"""

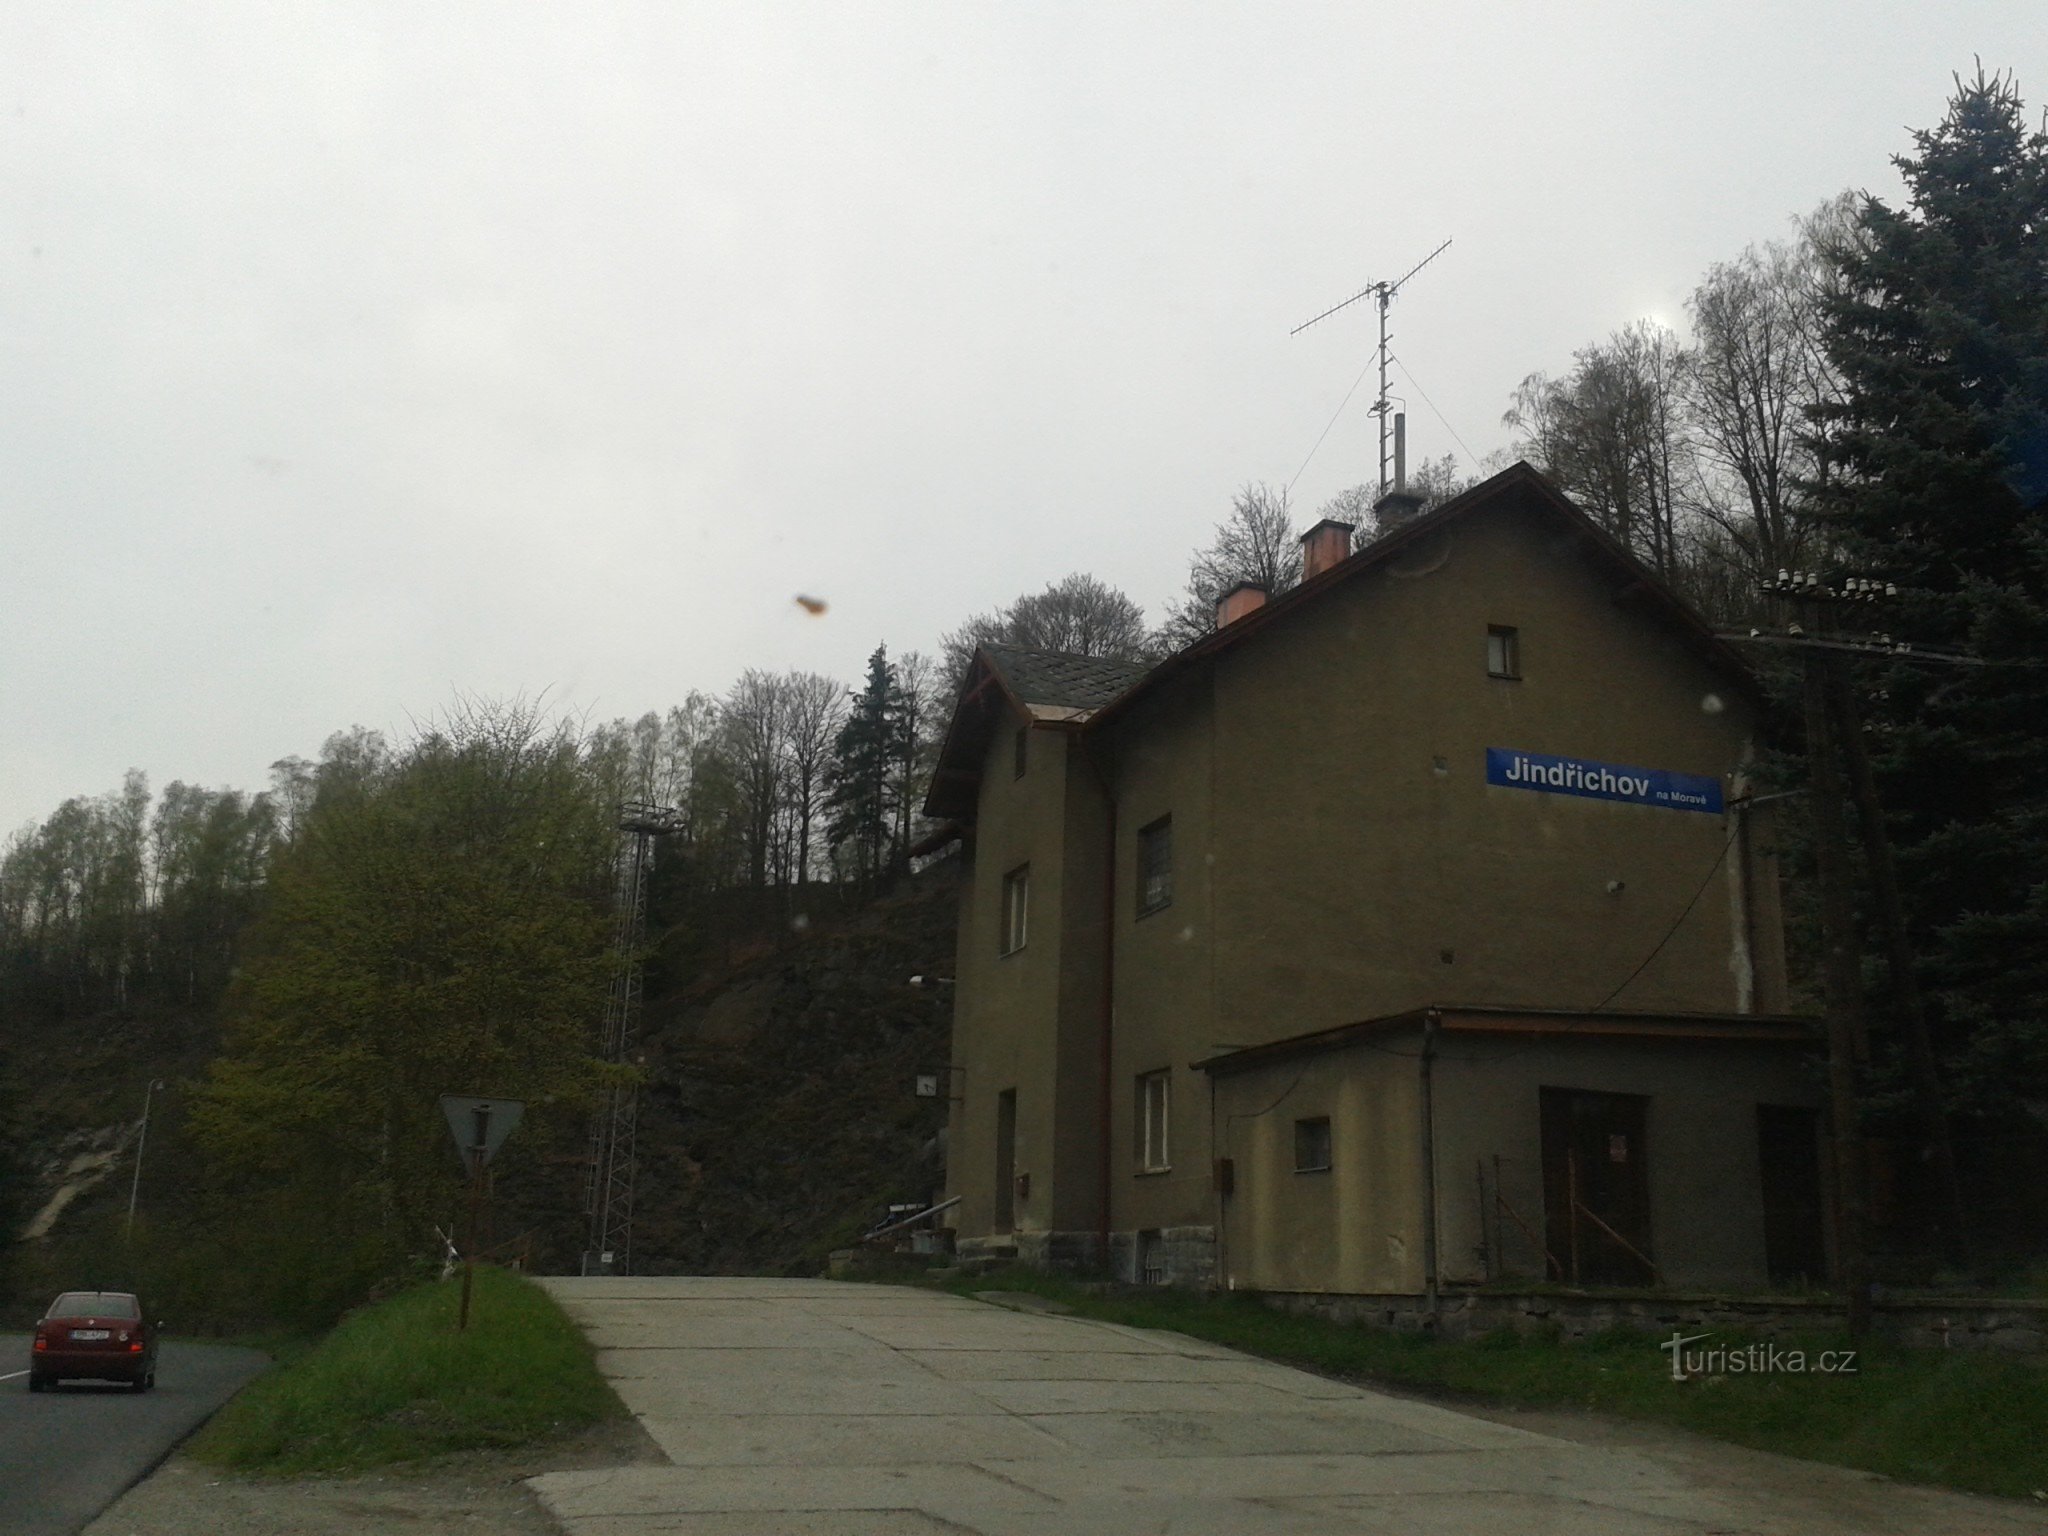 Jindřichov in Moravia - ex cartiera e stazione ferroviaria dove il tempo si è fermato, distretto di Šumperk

"""
"""

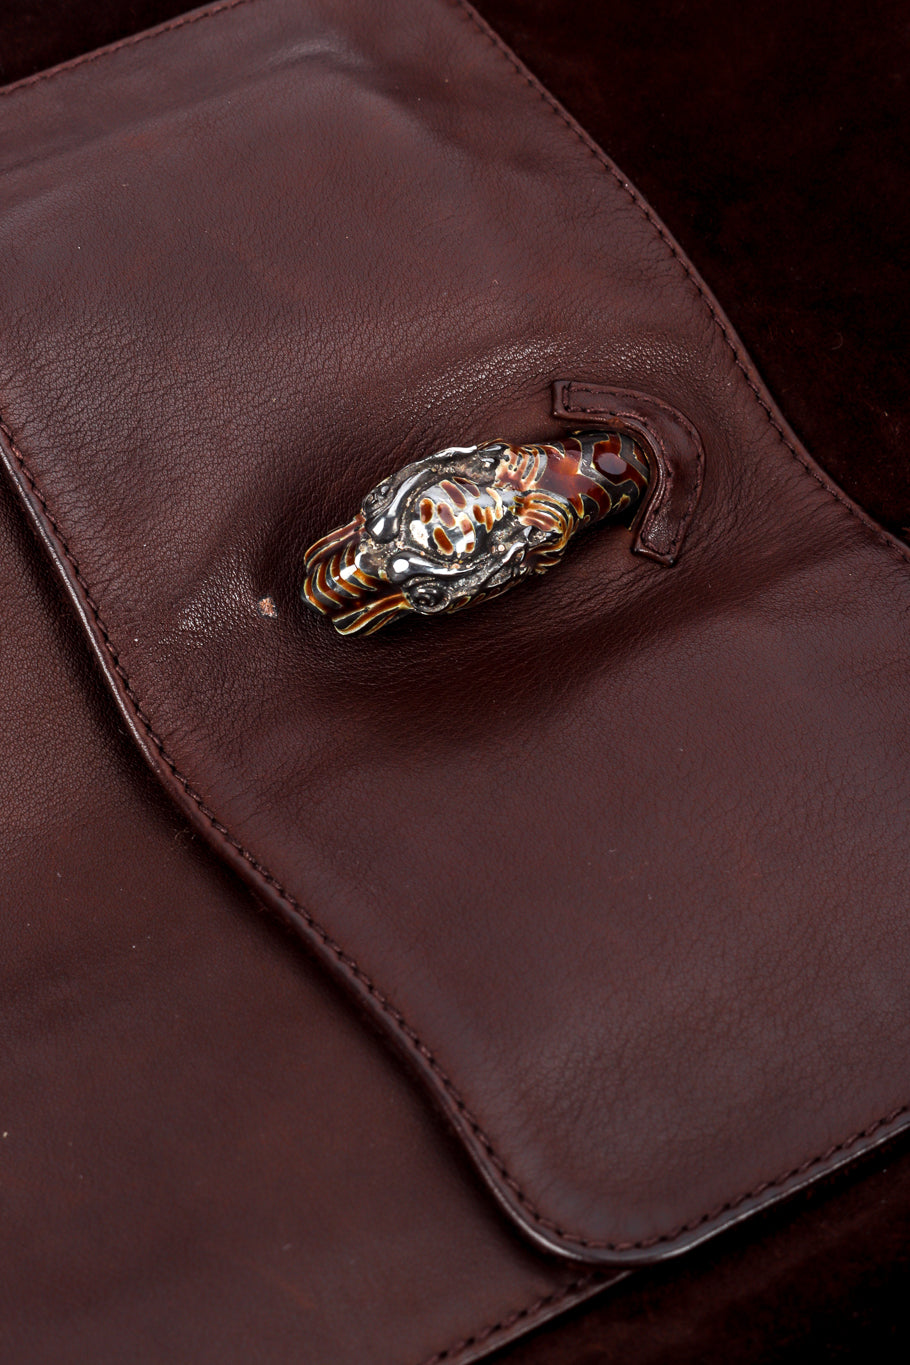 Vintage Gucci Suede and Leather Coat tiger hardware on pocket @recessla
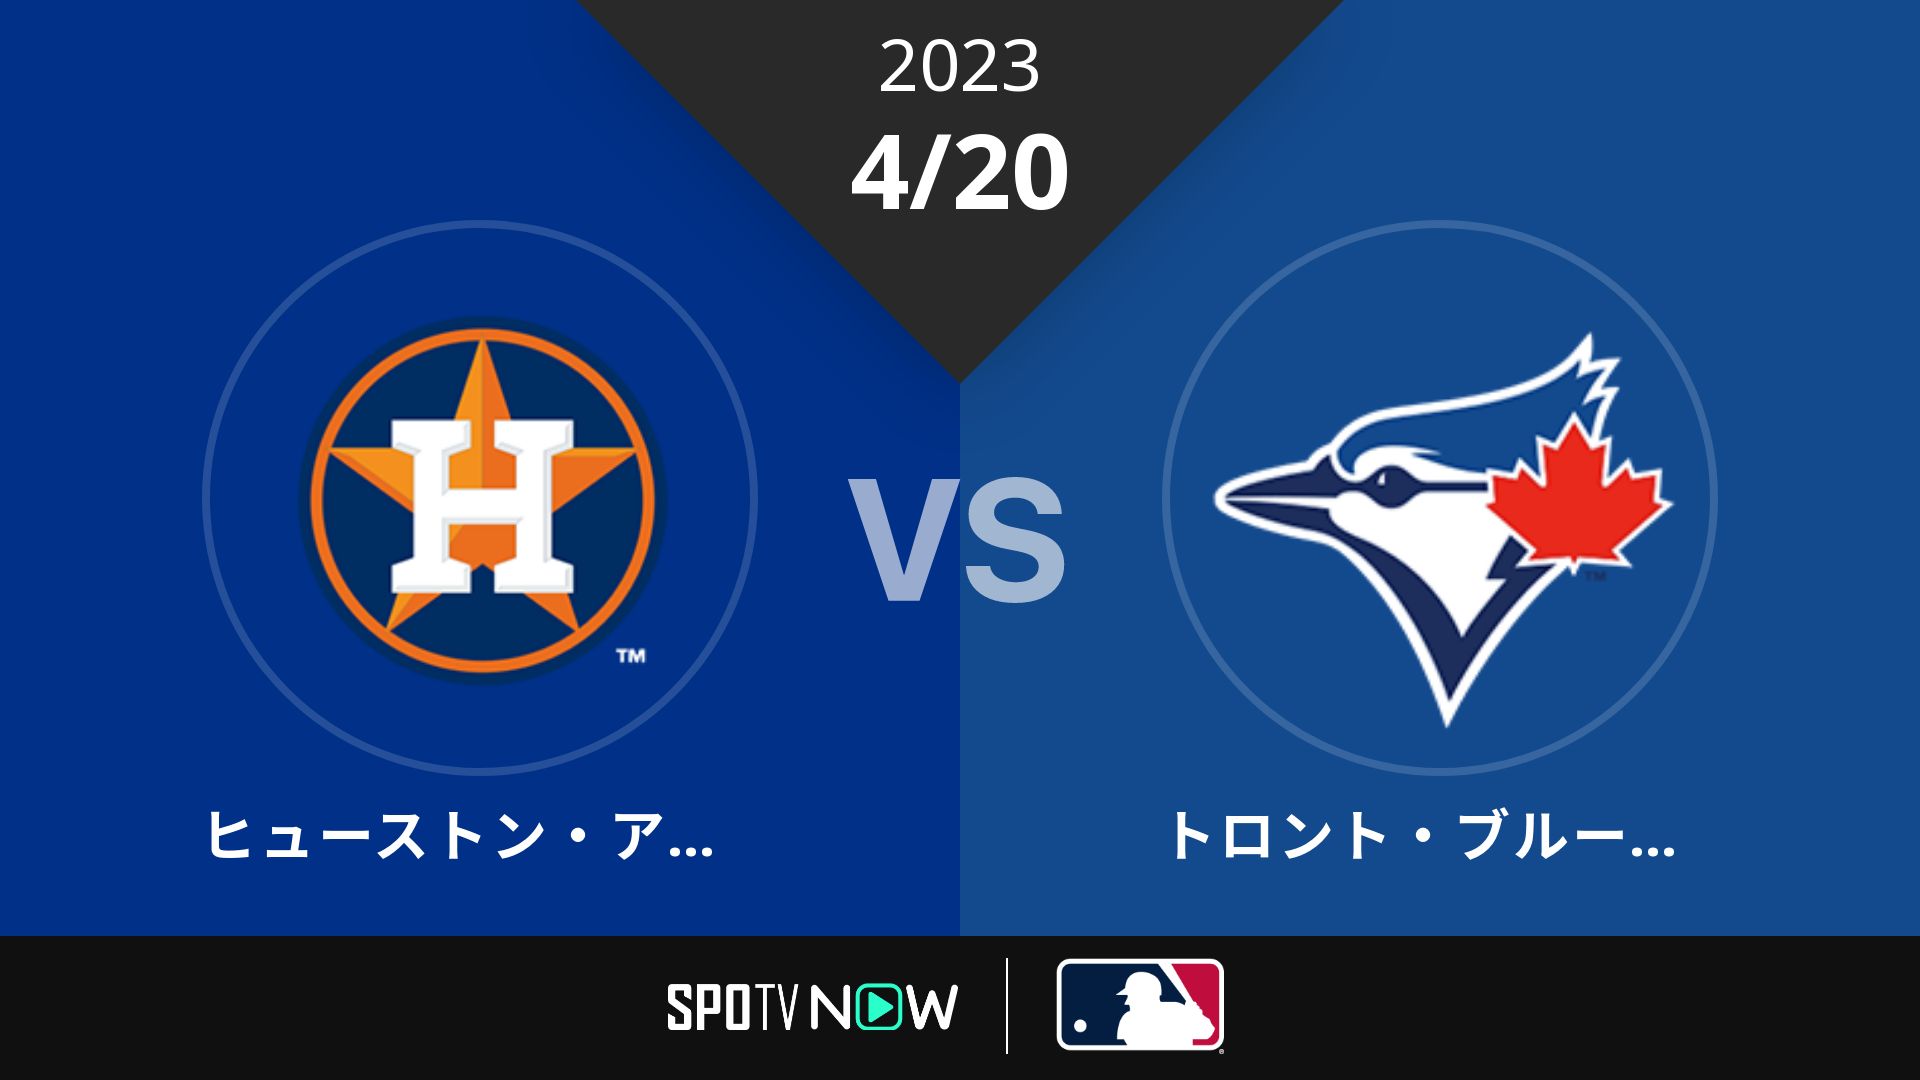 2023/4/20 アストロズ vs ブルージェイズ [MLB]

"""
"""

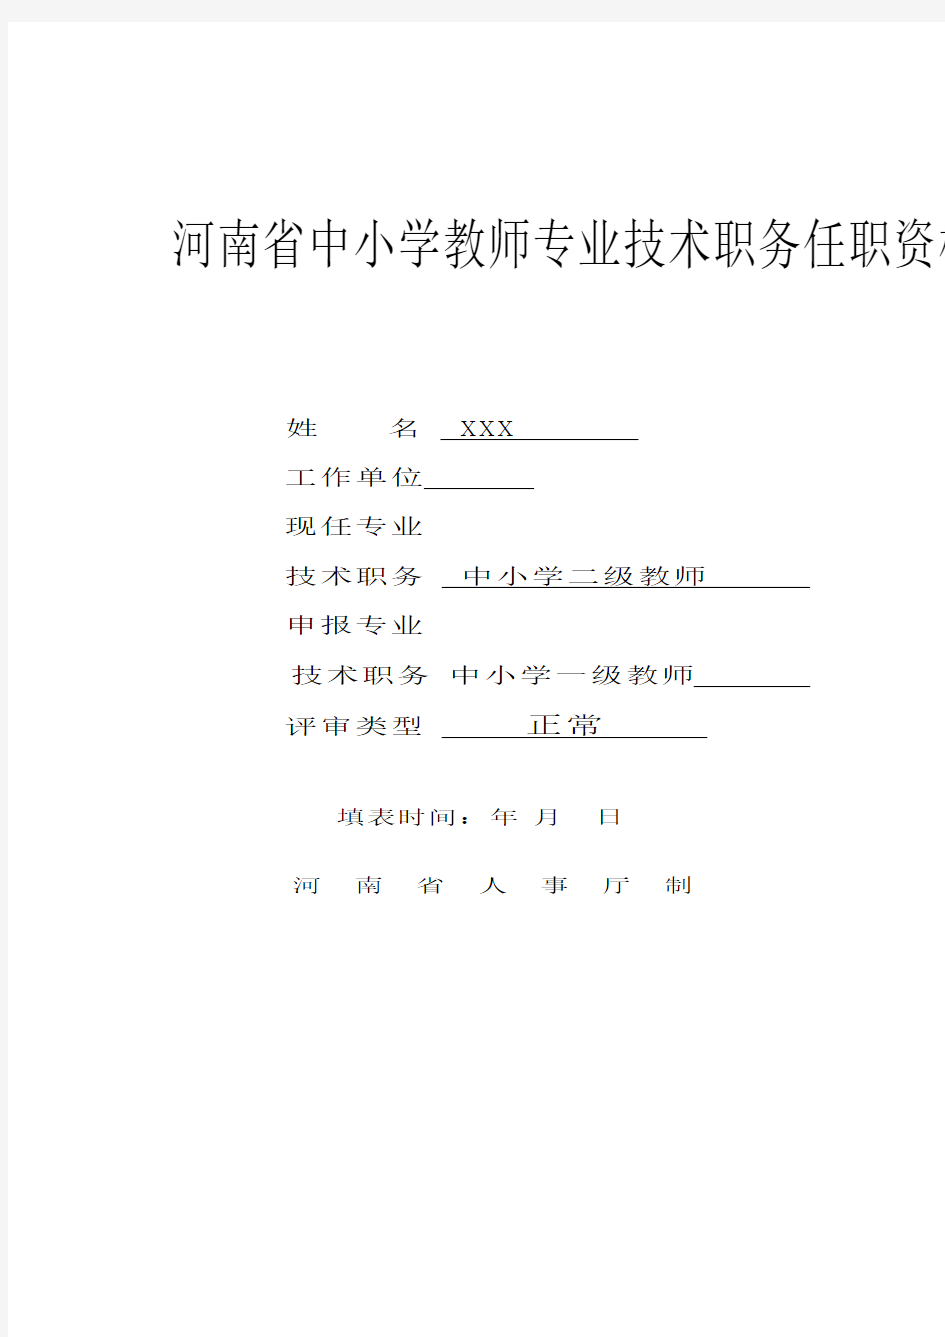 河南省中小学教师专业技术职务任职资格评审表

"""

Assignment:
For this exercise, reproduce exactly the lines of the records above from the one with "Vintage Gucci Suede" up to and including the one with "2023/4/20 アストロズ vs ブルージェイズ [MLB]", without pictures.

The answer:
 Vintage Gucci Suede and Leather Coat tiger hardware on pocket @recessla
 2023/4/20 アストロズ vs ブルージェイズ [MLB]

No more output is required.